- Razem z uczestnikami konkursu i partnerami merytorycznymi chcemy zwrócić uwagę na problem nadprodukcji odpadów. Przedmioty, które kupujemy, pakowane są w coraz więcej opakowań, czasami nienadających się do recyklingu. Wyrzucamy w związku z tym coraz więcej produktów. Niektóre z nich mogłyby jednak zostać wykorzystane ponownie. Potrzebny jest pomysł, jak bezpiecznie wprowadzić je z powrotem do obiegu. Dlaczego? Bo kierunek, w którym powinniśmy podążać jako społeczeństwo, to minimalizacja śmieci. A nie jest to łatwe, chociażby z powodu tego, że koszty naprawy są często podobne do kosztów zakupu nowego produktu. U źródeł konkursu leżała chęć poszukiwania inspiracji i gotowych rozwiązań na ponowne wykorzystywanie różnych przedmiotów. Dość nietypowe połączenie sztuki i odpadu ma jeszcze mocniej skupić uwagę na problemie, właśnie przez to, z pozoru niemożliwe, zestawienie –
mówi Michał Dzioba, Prezes Zakładu Utylizacyjnego i członek komisji jury konkursu.

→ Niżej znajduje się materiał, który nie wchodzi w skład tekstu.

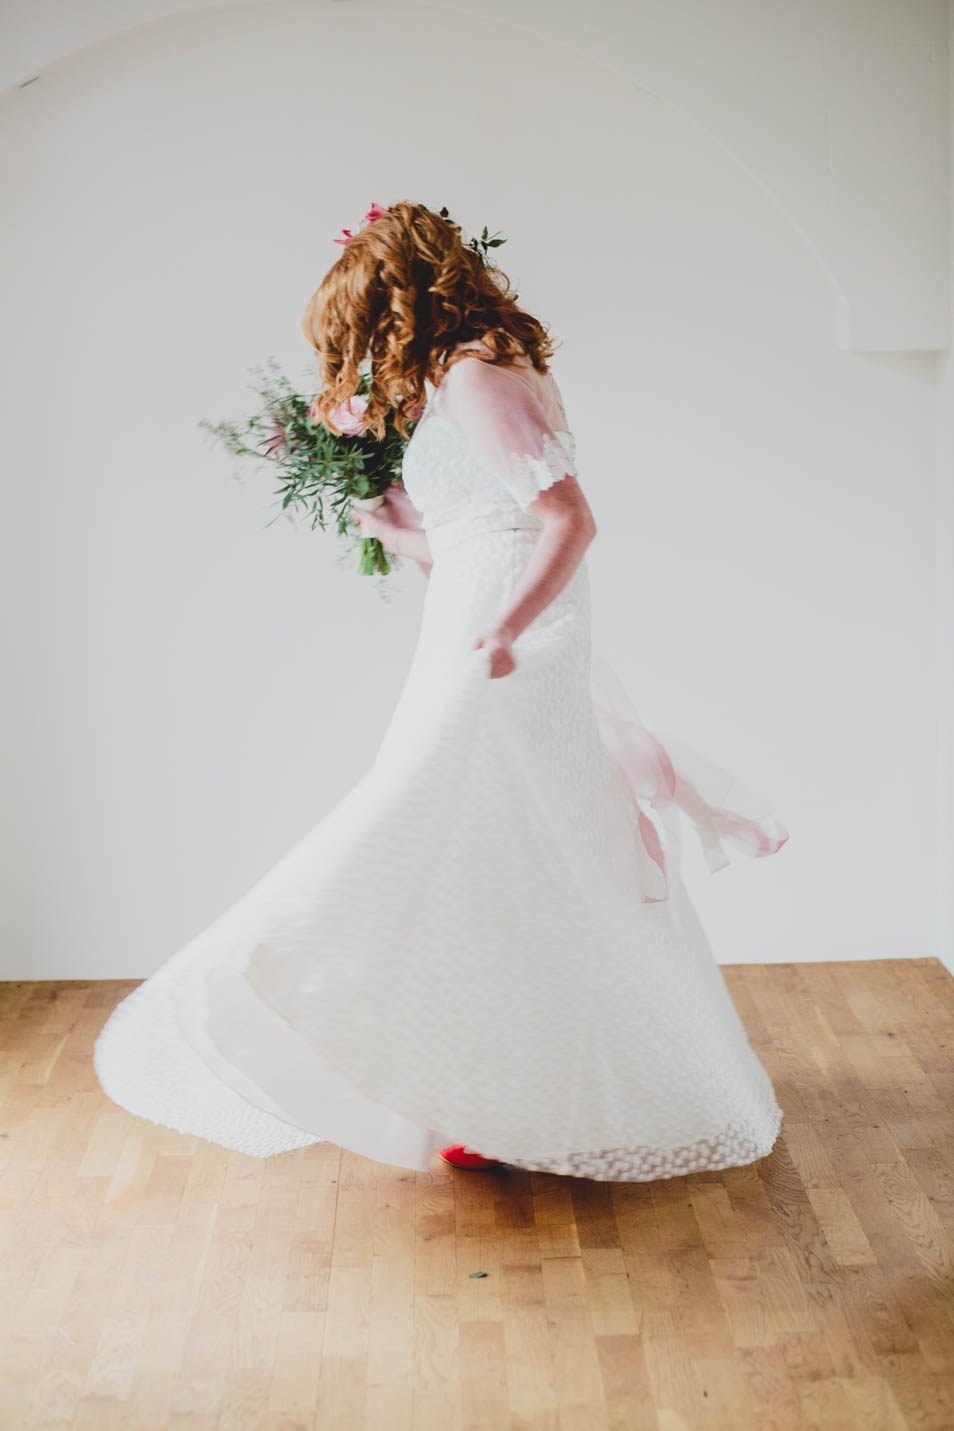 Braut dreht sich mit schwingendem Rock
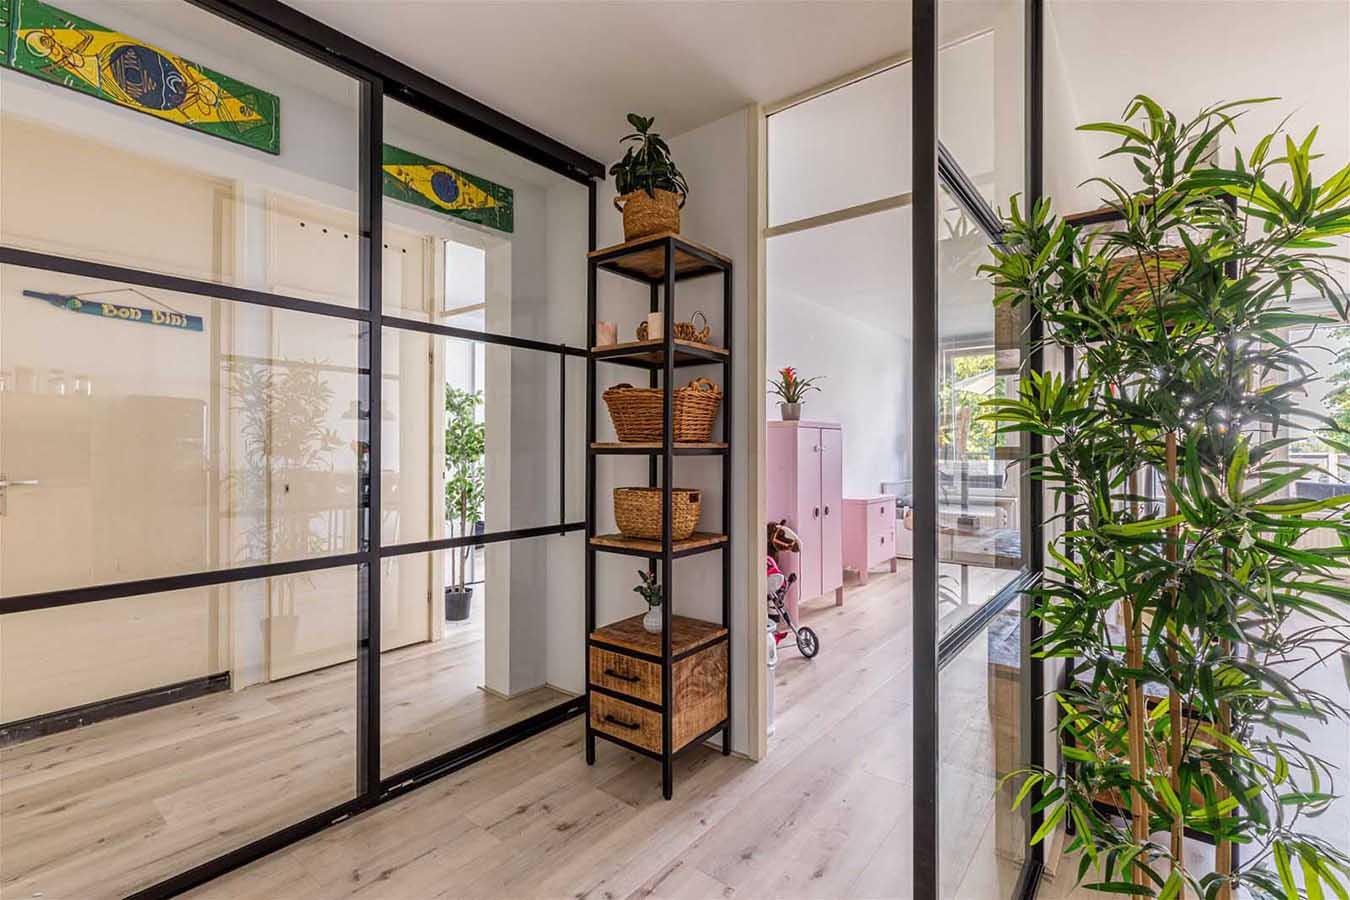 stalen deuren (zwart) met groene planten

– Ogromne ilości odpadów, które wytwarzamy, nadają się jeszcze do powtórnego przetworzenia lub wykorzystania. W procesie projektowania warto uwzględniać np. odpady poprodukcyjne, które stanowią często punkt wyjścia dla stworzenia wspaniałych rzeczy. Warto też kłaść nacisk, chociażby na etapie projektowania opakowań, by po użyciu nie stanowiły one problemu dla środowiska. Wiemy, że projektanci to niezwykle kreatywni ludzie, którzy swoją wiedzą i doświadczeniami potrafią zaproponować rozwiązania istotne z punktu widzenia ekologii i środowiska. Chcemy skorzystać z tego potencjału i z niecierpliwością czekamy na projekty, które będą inspiracją dla innych, do zmiany myślenia o odpadach –
mówi Oliwia Wołosiuk, sekretarz konkursu.